The human brain undergoes numerous transformations from birth to death. Some are subtle and routine, such as those occurring when we acquire new skills or form memories. Others are more substantial, significantly impacting the brain’s structure and function - and consequently, our character and behavior.
The human brain is a large collection of nerve cells, surrounded and interspersed with various types of supportive cells known as Glial cells. Nerve cells are specialized in receiving and processing sensory information, and quickly relaying it to other nerve cells or organs, such as muscles and glands, to initiate actions.
An adult human brain contains approximately 86 billion nerve cells that communicate with each other through intercellular junctions called synapses. At each synapse, one side is the transmitting nerve cell, and the other is the receiving cell, which integrates incoming signals from multiple sources. The cumulative input of these signals determines whether the receiving cell will be activated and will propagate the neural signal forward.
When a nerve cell is activated, either in direct response to a sensory stimulus or in response to signals received from other nerve cells, its electric potential changes. This change in electric potential generates an electric signal that travels along the cell's tail, called the axon, and reaches the terminal at its end. In response, the terminal releases molecules of neurotransmitters - a group of substances used for communication between nerve cells - which cross the synapse and bind to receptors on the surface of the receiving cell. The intensity of the activation and the nature of the connection between the two cells determine whether the signal will be transmitted forward.

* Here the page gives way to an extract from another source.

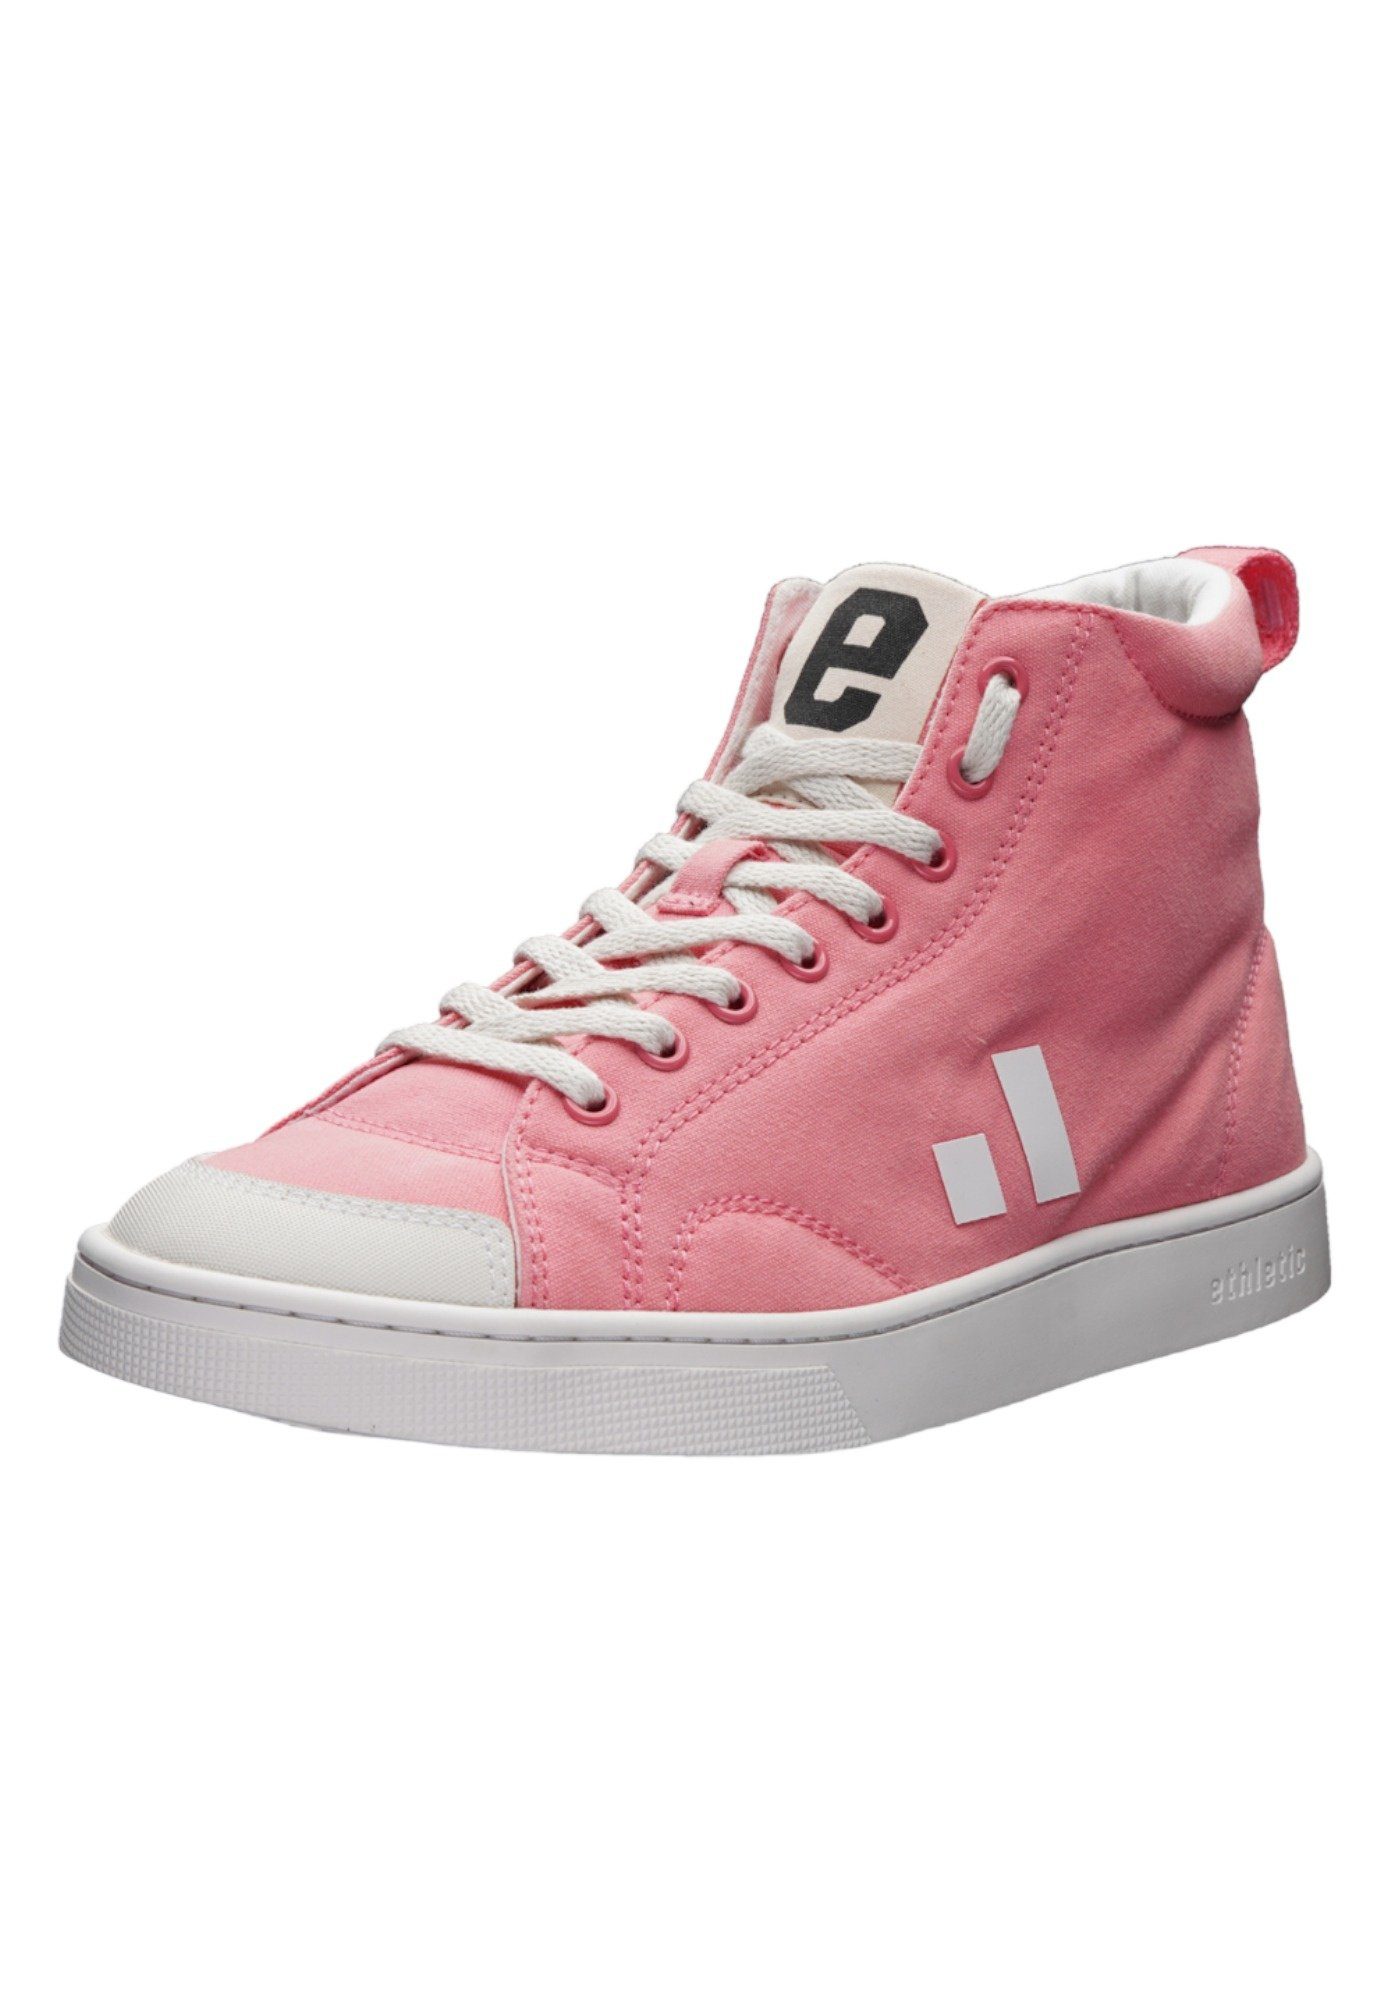 ETHLETIC Active Hi Cut Sneaker Fairtrade Produkt Strawberry Pink - Just White

From birth to adulthood - Major changes in the brain
All of our brains are fundamentally similar, especially during the early stages of our lives. Generally, each region of the brain has defined roles. That is, innate patterns of connectivity between different brain areas are naturally established from birth. During pregnancy, the first nerve cells that form in the developing fetus navigate toward the nerve cells that will become their target connections, guided by chemical signals that direct their path.
All of this is true regarding the basic development of brain tissues. However, the transformations that occur next, particularly after birth, are highly individual, akin to a fingerprint. These changes include variations in the number of nerve cells, their efficiency, the number of synaptic connections, and the strength of these connections. For example, infants have significantly more nerve cells and an abundance of synapses compared to adults.
This abundance of neurons and synapses enables infants to absorb vast amounts of information and quickly learn the languages and cultural codes they are exposed. Early learning, particularly during the initial stages of life, is therefore crucial. At this stage, infants are in an information-gathering phase, but their ability to process information deeply is still developing. To refine this processing ability, the brain eliminates excess nerve cells and optimizes the efficiency of the remaining ones. This involves structural improvements in the synapses connecting nerve cells.
Another transformation that begins in the early years of life and continues until adulthood is myelination, a process that significantly enhances neural signal transmission. During myelination, cells undergo a gradual transformation which optimizes their functioning, while supporting cells form an insulating layer around the axon, the long “tail” of the nerve cell. This insulation, composed of a fatty white substance called myelin, wraps around the axon, facilitating the rapid conduction of electrical signals, which often need to travel long distances along the axon.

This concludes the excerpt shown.